2013:  this has improved too; the fungus note drops back, into a better balance with all the rest (which I won't keep repeating as a list).  People might either love or hate this tea depending on how they relate to that one aspect, more so than the rest, or how it balances.  I've been through a lot with tea types and character range, never mind strange foreign foods, so it's fine for me.  I suppose the fungus component has transitioned, off that intense and unusual tree-fungus character more to a milder and sweeter wood-ear mushroom version.  The texture is a little odd for those but the taste is nice enough.

Conclusions


Six relatively fast infusions isn't the end for teas like this; they both had a ways to go, and I could've mapped out later round transitions.  But I did stop taking notes there, and of course I'm not going to describe slight variations based on memory later.  I'm posting this a good bit later, as things turned out; I took a week off work to use up remaining vacation, and had holiday days off for New Years, so I'm still converting tasting notes from then to posts.  I don't have much to add about this experience.

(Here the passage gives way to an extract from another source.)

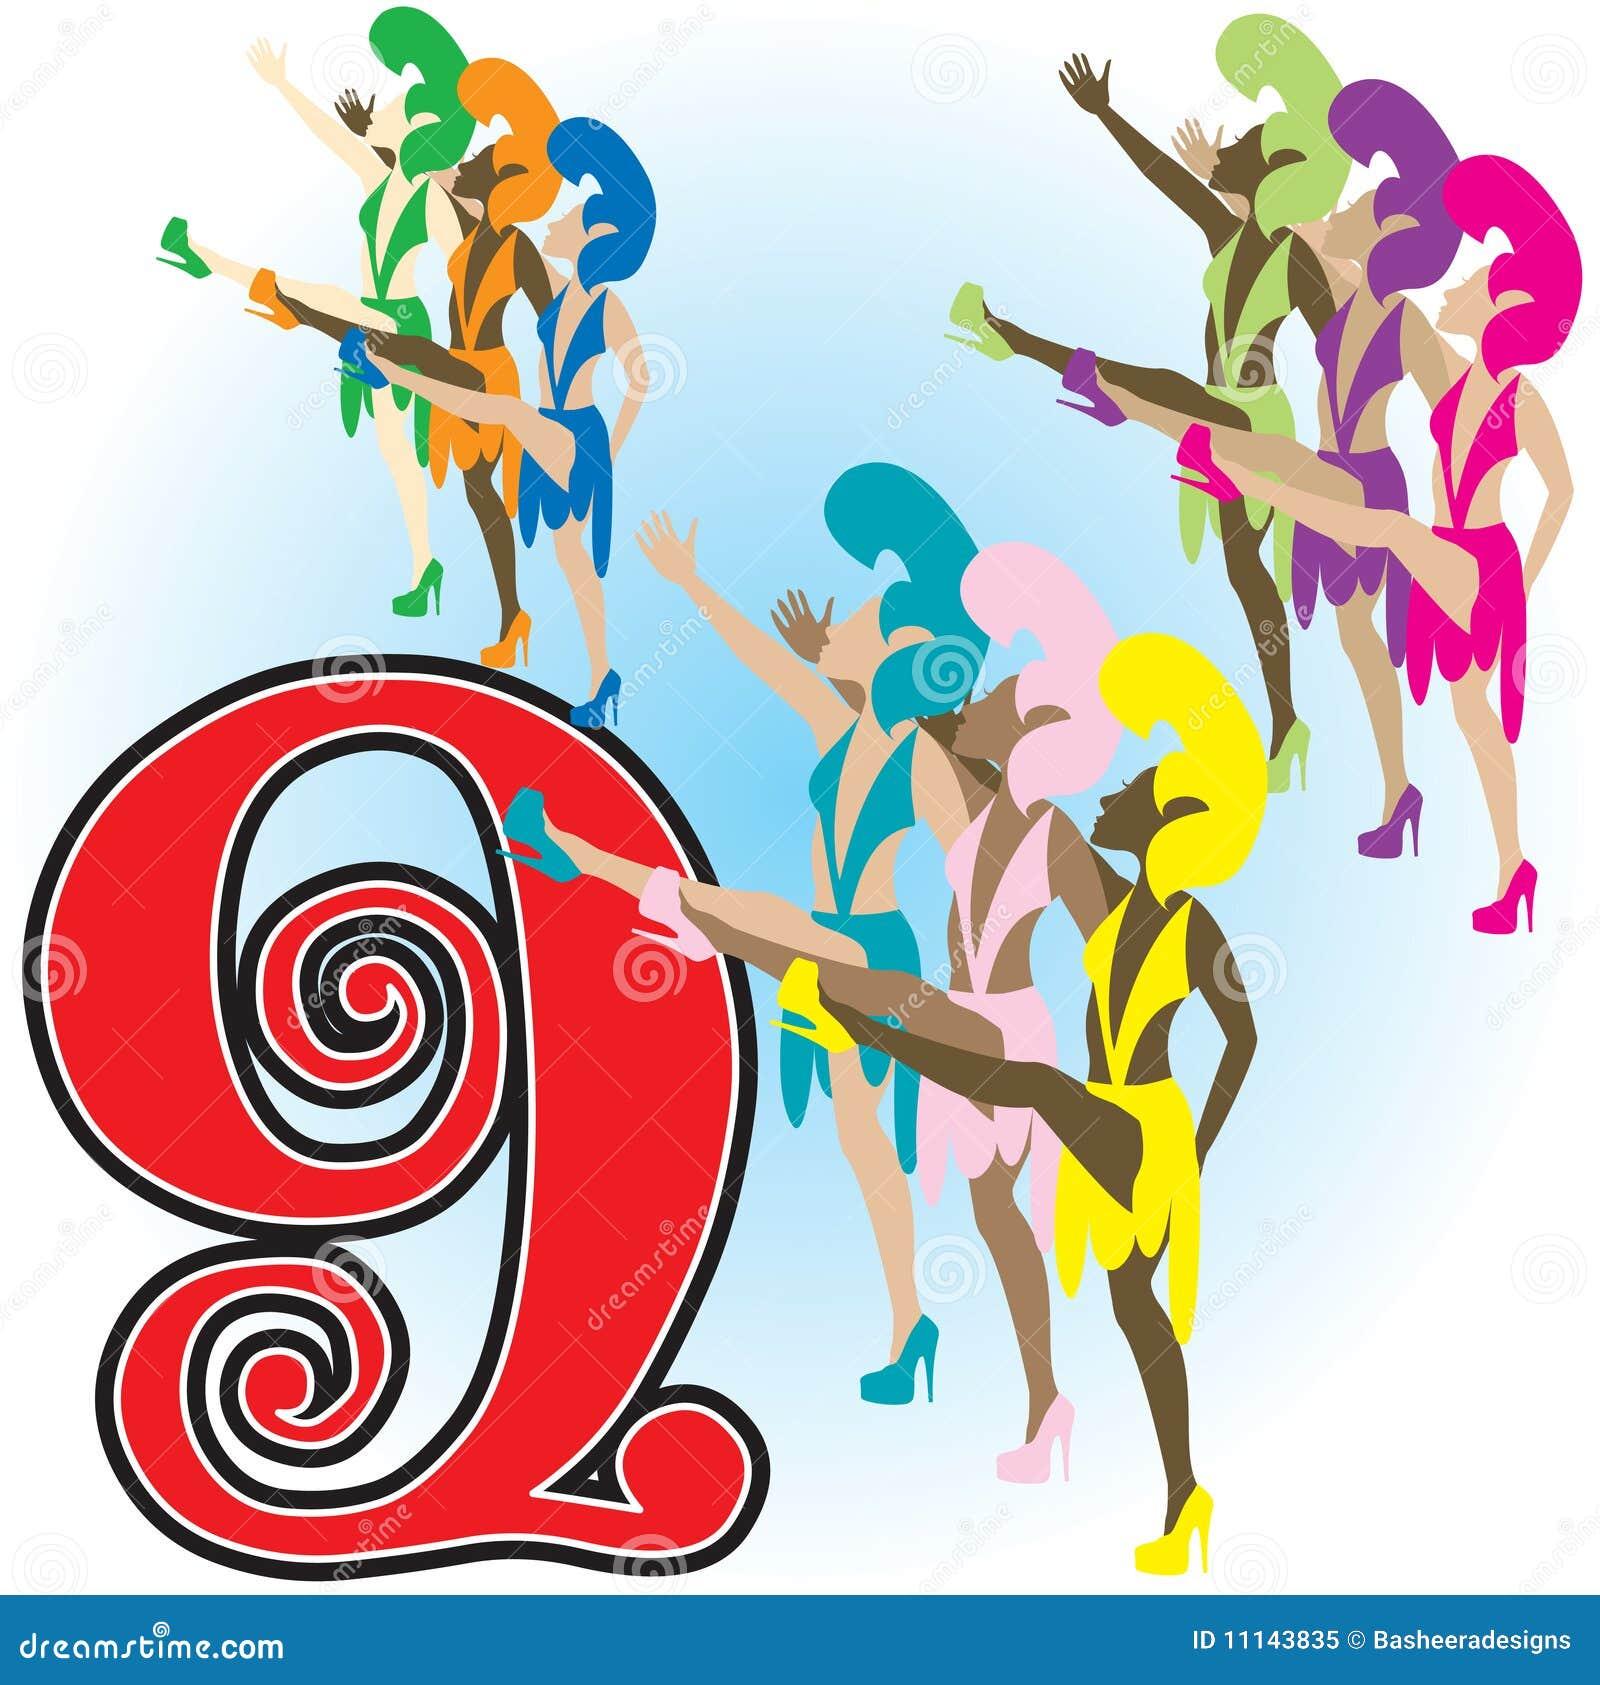 9 ladies dancing royalty free stock photo image 11143835 12 days of christmas clipart free 12 days of christmas clipart free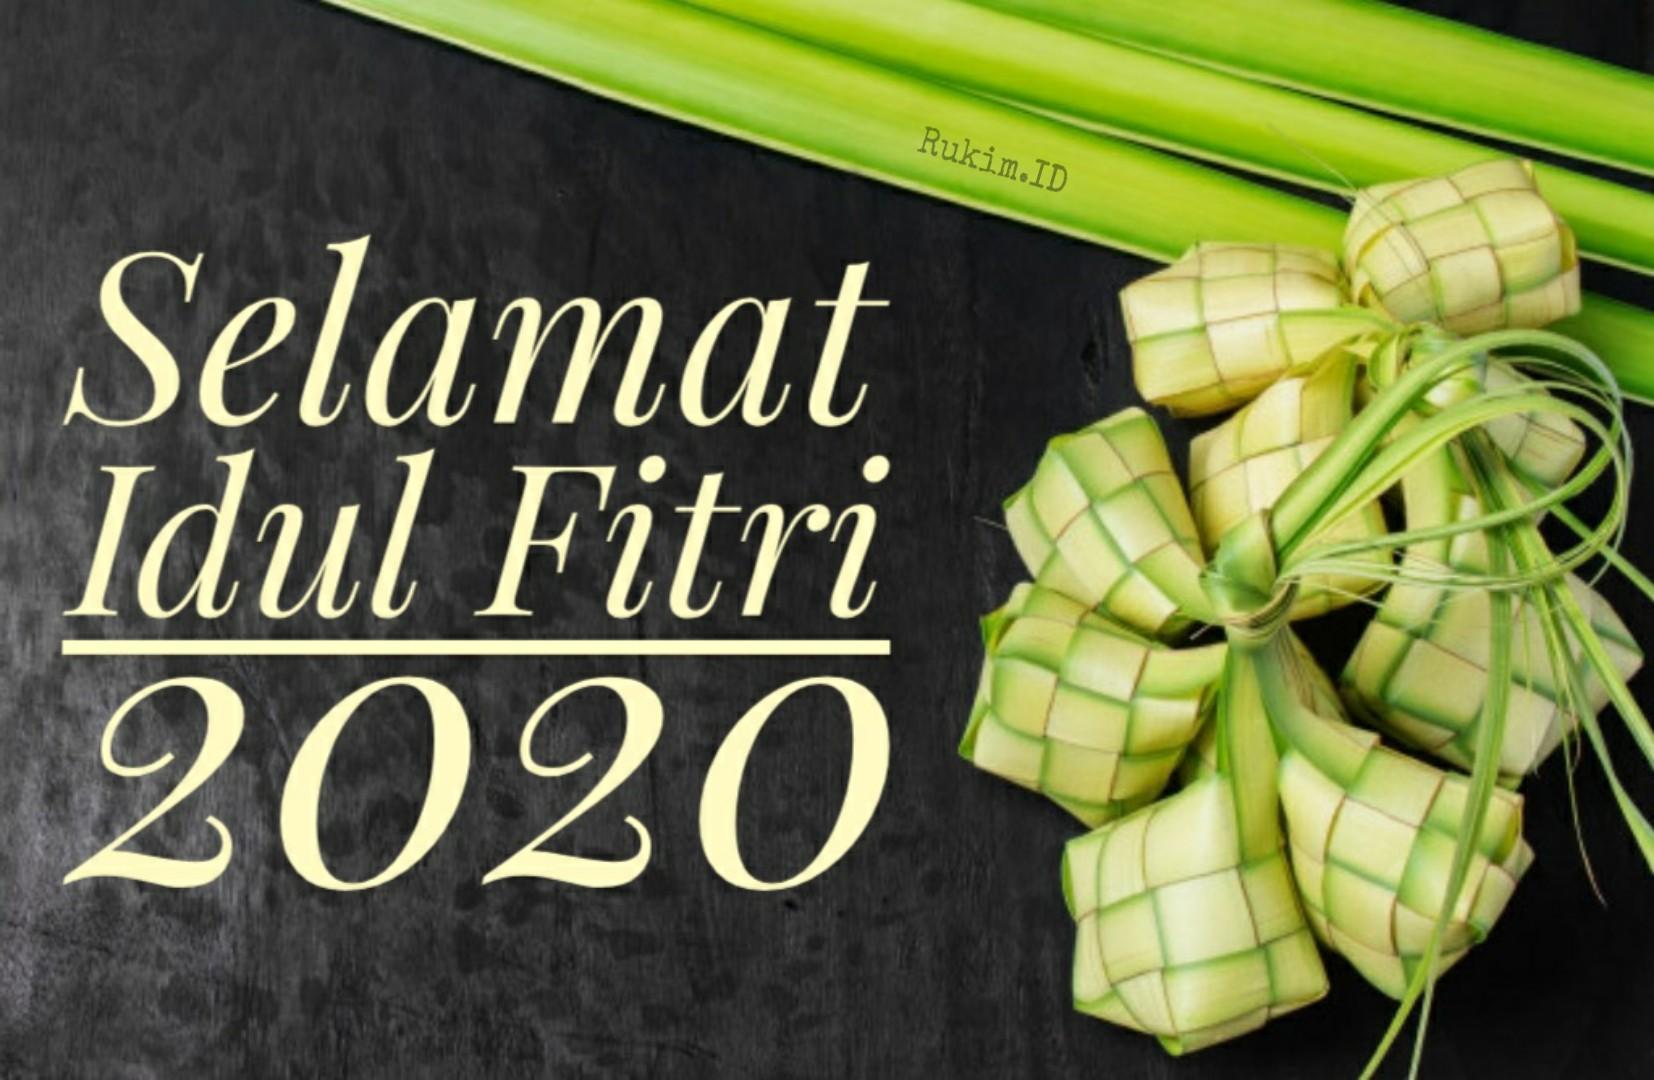 Gambar Ucapan Selamat Hari Raya Idul Fitri 2020

I can say this, that the other Liu Bao I've tried all seemed a bit simple in character related to this Liquid Proust version.  Some with more age on them had an interesting smoothness and depth but that version seemed a good bit more complex than they had tended to be (per memory, which is not completely reliable in my own case).  It seemed like a relatively more limited application of a pre-fermentation stage might've related to that, that allowing that process to run a bit further would've resulted in a more typical slate / earthy / peat / slight char character.  Then the tea would probably be more like the other comparison version.

Both teas were nice, both pleasant to experience, with the differences between the two also very interesting.